The Defense-GAN proposed in this paper is used to defend against GAN attacks in FL and protect the privacy of the victim (defender) from being leaked to the attacker. The defense idea of Defense-GAN is as follows: first, partially mask the images in the original training data set of the defender, so that the attacker cannot use the fake data generated locally after the GAN attack to identify the original appearance of the real image with the naked eye, to achieve the purpose of privacy protection. At the same time, this paper will also mix the masked image and the original image with CutMix to form a new image dataset to ensure that the accuracy of the model trained on the masked image data does not differ too much from the accuracy of the model trained on the raw image data.

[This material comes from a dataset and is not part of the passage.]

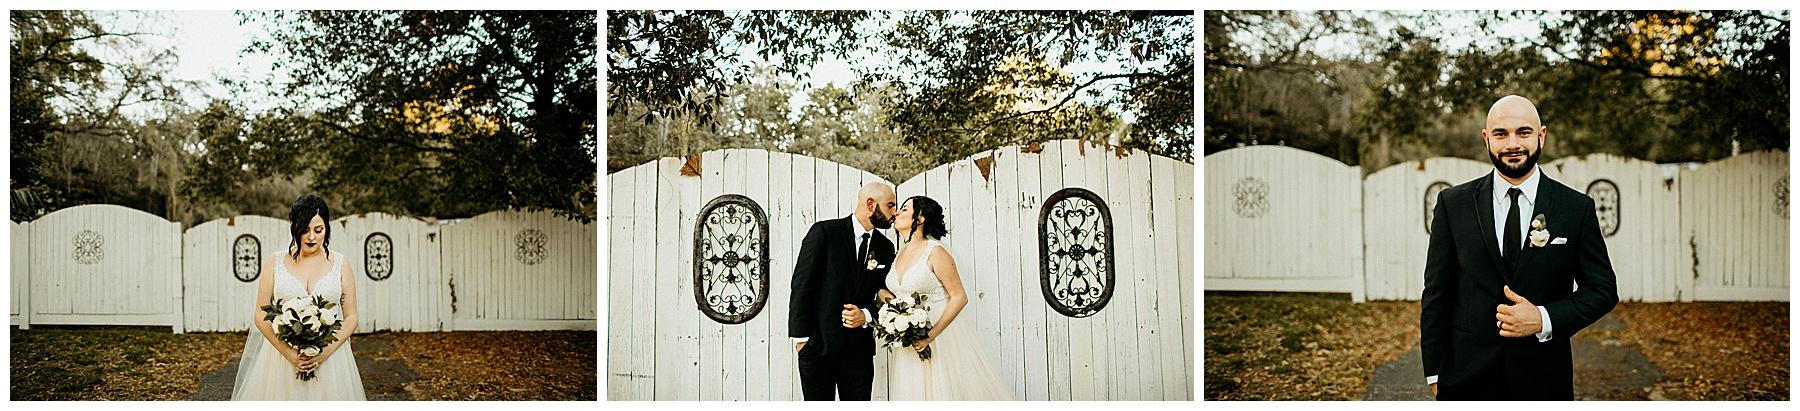 Amanda and Daniel Blog-87.jpg

In the defense framework of this paper, the most important part is to mask the training image data of the defender. However, considering that the masked image should not only make it impossible for attackers to recognize it with the naked eye but also have a small impact on the model’s accuracy. This paper considers masking images using SHapley Additive exPlanation (SHAP). It first uses the original image data to train the model locally, and then uses SHAP to analyze it by analyzing the pixels that affect the classification (visual effect) of each image, and then masks these pixels. The masked image is then used for model training, and the trained model parameters are uploaded to the PS.

In addition, as part of improving the accuracy of the model, this paper employs CutMix to mix the masked image data with the original image data to improve the generalization ability of the model.

3.1.1. SHAP

In the defense method designed in this paper, the image masking part uses SHAP to mask the image. SHAP is a “model interpretation” package developed in Python that can interpret the output of any machine learning model. It builds an additive explanatory model inspired by cooperative game theory, treating all features as “contributors”. For each predicted sample, the model produces a predicted value, and the SHAP value is the value assigned to each feature in that sample.

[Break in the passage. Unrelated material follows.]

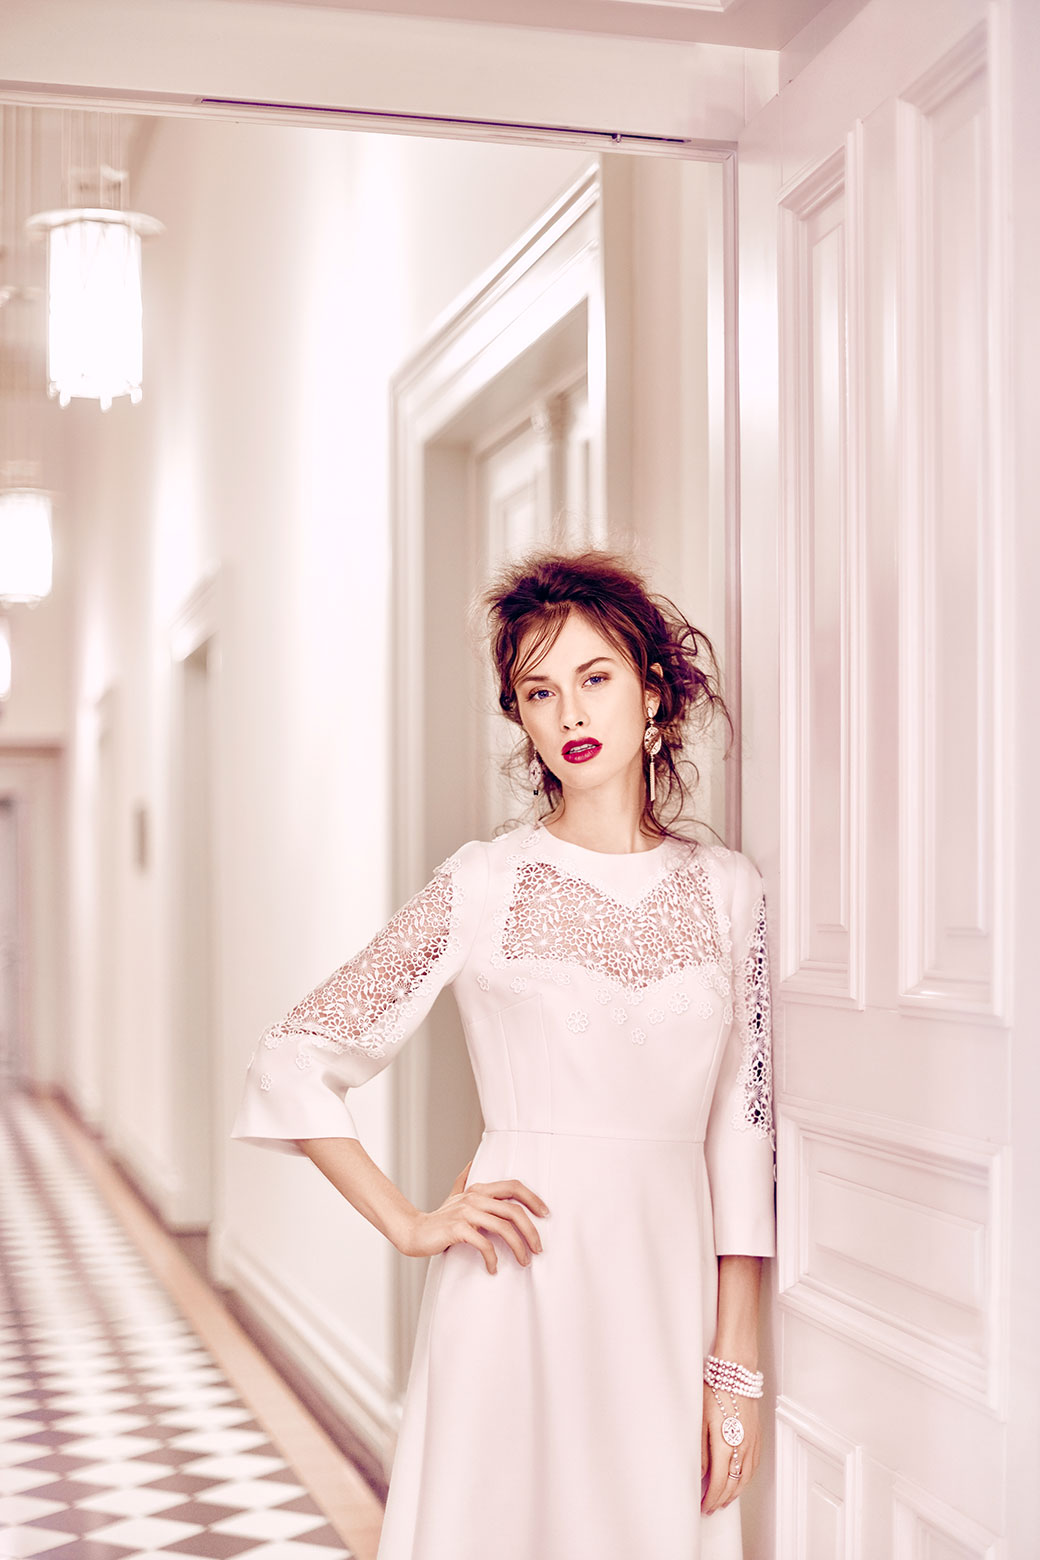 Pouzdrové šaty - s krajkovými vsadkami<br>foto - Ondřej Košík, makeup and hair - Natálie Hostačná, šperky - Style Avenue<br>hotel Boscolo Prague

SHAP is a model that explains machine learning models. A machine learning model is generally a black box. For example, in the attack defense scenario of this paper, the model wants to predict the category of the picture. Input some known conditions into the model (various types of pictures), and then train, and the final trained model can directly predict the category according to the input pictures. Therefore, such a model can only obtain the final result. As for how the model is calculated internally, and how the known conditions of the input affect the output result, people cannot know. And SHAP can let people know what influence these known conditions have on the final prediction result (whether it has a positive or negative impact on the result) [21]. SHAP belongs to the method of model post-exposure explanation. Its core idea is to calculate the marginal contribution of features to the model output, and then explain the “black box model” from the global and local levels.

SHAP essentially uses the linear interpretation of the sample results given by Shapley Value to calculate the role of different features for a certain predicted value. The rationale for Shapley Value is to take the (weighted) average of the marginal contributions of the feature over a subset $S$ of all feature combinations as the feature’s contribution. Suppose we want to study the j-th feature $x_j$ of the sample $x$, ${\varnothing }_j$ is the contribution of this feature, $S$ is the subset of features, $M$ is the total number of features, $val(\ast )$ value function is the model and its predicted value in the context of machine learning in this paper, $\left(x_1,\dots ,x_M\right)\backslash x_j$ is the set that excludes $x_j$. Then the calculation formula of the Shapley Value corresponding to the feature $x_j$ of the sample $x$ is:

$${\varnothing }_j\left(val\right)={{\displaystyle \sum }}_{S\subseteq \left(x_1,\dots ,x_M\right)\backslash x_j}\frac{\left|S\right|!\left(M-\left|S\right|-1\right)!}{M!}\left(val\left(S{\displaystyle \cup }{x}_j\right)-val\left(S\right)\right)$$

(1)

It is essentially the expectation of the “marginal contribution” of a feature in a sample.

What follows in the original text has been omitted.